I can feel it all around me, the darkness. It's suffocating, inescapable. I tried to fight it at first, tried to resist the temptation to let it enclose me in nothingness, swallowing me whole. I tried to resist the blissful numbness it enticed me with; I tried to fight. I can't win. It fights back, makes me question the reasons I'm fighting, asks me why I shouldn't give up. And now I realise… I have no reason to fight.

I sit here, trying to come up with reasons. I sit here, drawing blanks. I mean, what can I say?

**Eyes Only?** – They'll do fine without me, heck they'll do better than fine. It seems for every creep I take out two more seem more than willing to take his place. I'm fighting for a downtrodden that doesn't even want my help.

**Family?** – I have no family. The ones that don't already think I'm dead wish I was. At least this way I won't be such an embarrassment. I know I'll be doing _them_ a favour.

**Friends?** – Not many left since the accident. The few that are left can't see past the chair. I'll be helping them out, stopping the awkwardness.

**Bling?** – Maybe he'll be upset for a while. But in the long run, I know he'll understand. I know he'll thank me. I can't keep burdening him like this. He says he's my bodyguard; so was Peter. Look how _he_ ended up. Eventually, he'll understand why I can't keep burdening him down. He needs more clients, he's a physiotherapist not my maid. Gone are the days when hovering was just as simple as taking a walk. I can't do that anymore.

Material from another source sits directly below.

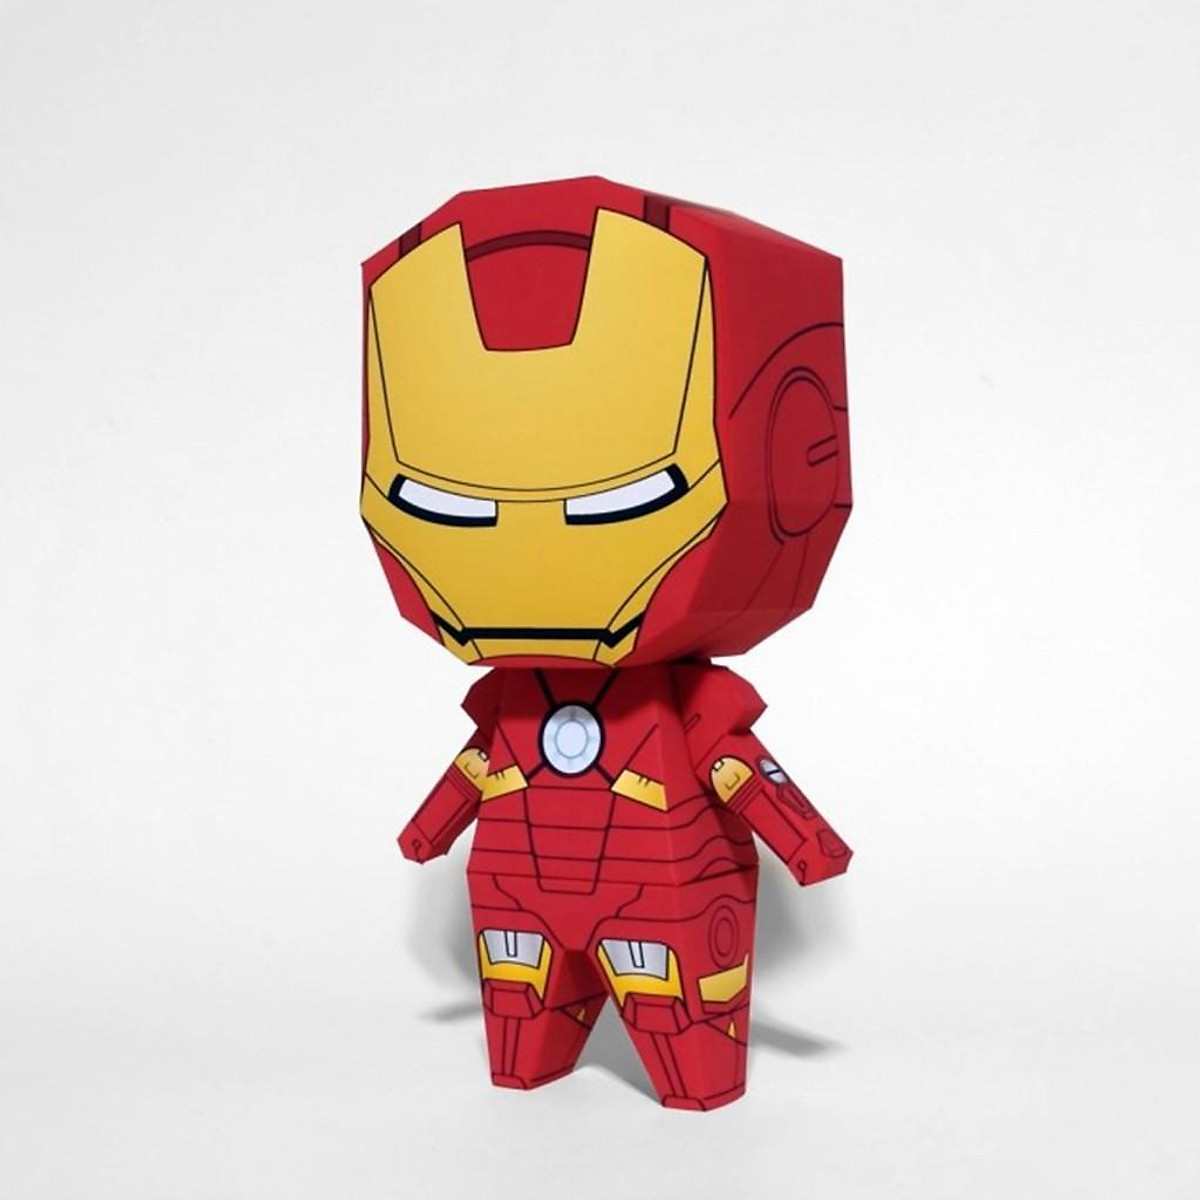 Mô hình giấy Robot Chibi Iron Man: Bạn yêu thích sự sáng tạo và tinh thần đam mê? Hãy cùng trải qua thử thách đầy thú vị với mô hình giấy Robot Chibi Iron Man, một sản phẩm đầy màu sắc và tinh tế. Từ thiết kế đến cách lắp ráp, bạn sẽ được thể hiện tài năng của mình.

And then there's **_Max_**. I doubt she'd even notice. Maybe when she gets hungry enough she'll turn around and wonder where her meal ticket went. Maybe she'll be chagrined that there's nobody to feed her pasta tricolore at 3 in the morning. Maybe. But she'll bounce back. I know she will; she was made that way. Genetically engineered perfection; how can she not move on…

I'm looking at the pistol in my hands. It's lead weight, soothing and reassuring. This is my ticket to the darkness. Opening the clip, I find it empty. As my hand locks on my refills in my bottom drawer, I feel a hand on my shoulder. Startled, I freeze, but recognition soon dawns on me. Max. Why is she here, shouldn't she be at Vertes'? Calmly, I place the clips on the table without bothering to turn around.

"Don't." Her voice rings loud and hard in the stillness of the apartment.

Facing her, I school me face into one of innocent confusion. I am aware of her suspicion. She knows what I'm going to do. I shouldn't be surprised, she's always proved herself more perceptive than most. _Never could hide much from her_. "Don't What, Max?"

Barely controlled anger flashes in her eyes before it is rapidly concealed. She's not the only perceptive one, you know. But… why is she angry?

"Don't do it, Logan." Her voice sounds different from before; softer. "Please…" it's almost as if she's begging me. If I didn't know any better, I would think she actually cared. I could almost force myself to contemplate the notion that she might actually love me.

"What is it to you?" My voice is harsh, raspy. I'm tired of this conversation already. I have a job to do, and I plan on doing it.

The silence that meets me speaks louder than any words could. After all, how easy is it to look someone in the eye and honestly tell them they mean nothing to you? But the look in her eyes contrasts the words in the silence. Maybe she does care. If she does, then I know she'll understand. Am I asking too much? Is it being greedy to want the noble way out? Is it so hard for other people to understand…?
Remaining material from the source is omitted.